Amaranth Pudding with Almond and Raisin
This rich and satisfying dessert is vegan-friendly and gluten-free. The cinnamon and vanilla spices makes it taste lovely and sweet. It would make a great gluten-free porridge for when you fancy a hot pudding on a cold day. It can be made with either amaranth or quinoa, both of which are packed with protein!

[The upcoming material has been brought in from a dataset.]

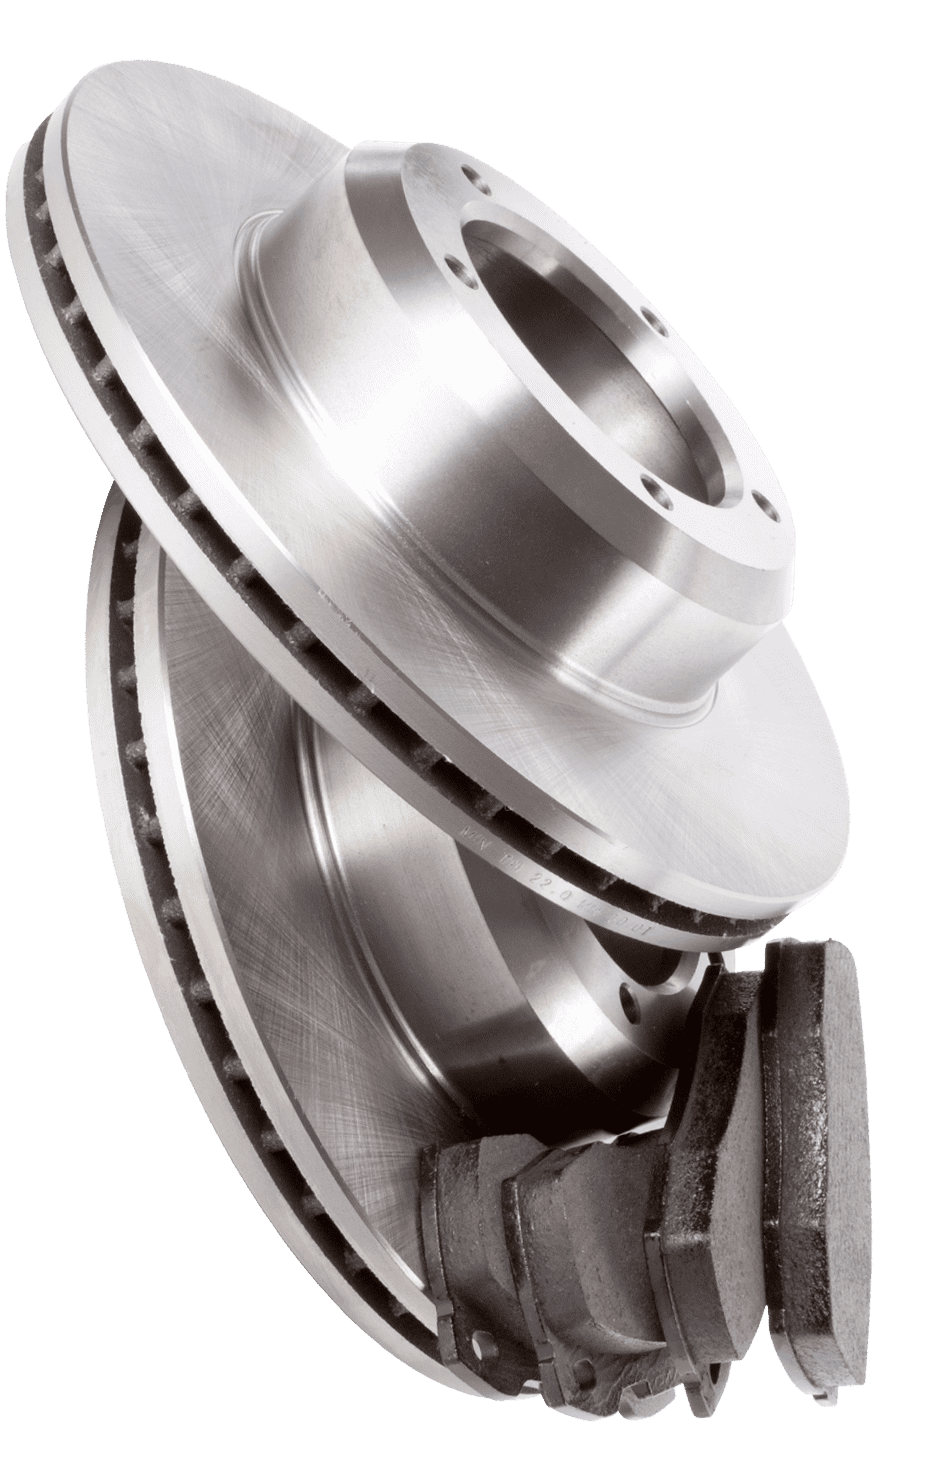 Automotive brake discs

Organic Amaranth Grain 1kg (Sussex Wholefoods)
250g (dry weight) amaranth grain
Pressed Apple Juice, Organic 1 Litre (Biona)
450ml apple juice
Organic Raisins 1kg (Sussex Wholefoods)
50g raisins
Flaked Almonds 500g (Sussex Wholefoods)
50g flaked almonds
Pure Vanilla Extract 60ml (Nielsen Massey)
1 tsp vanilla extract
Organic Lemon Juice 250ml (Sunita)
1 tbsp lemon juice
Organic Lemon Peel 100g (Sussex Wholefoods)
2 tsp fine lemon peel
Organic Ceylon Cinnamon Powder 100g (Sussex Wholefoods)
1 tsp cinnamon powder
Other Ingredients
Method
1) Cook 1 part amaranth to 2 parts water, until soft.
2) Combine all the ingredients with the amaranth in a pan, and cover.
3) Heat first on a boil and then reduce to medium. Simmer gently for about fifteen minutes.
4) Pour mixture into one large serving bowl or individual bowls.
5) Chill for 1 hour and serve cold. Serve either warm with soya custard or chilled with plain soya yoghurt.
This recipe serves 4.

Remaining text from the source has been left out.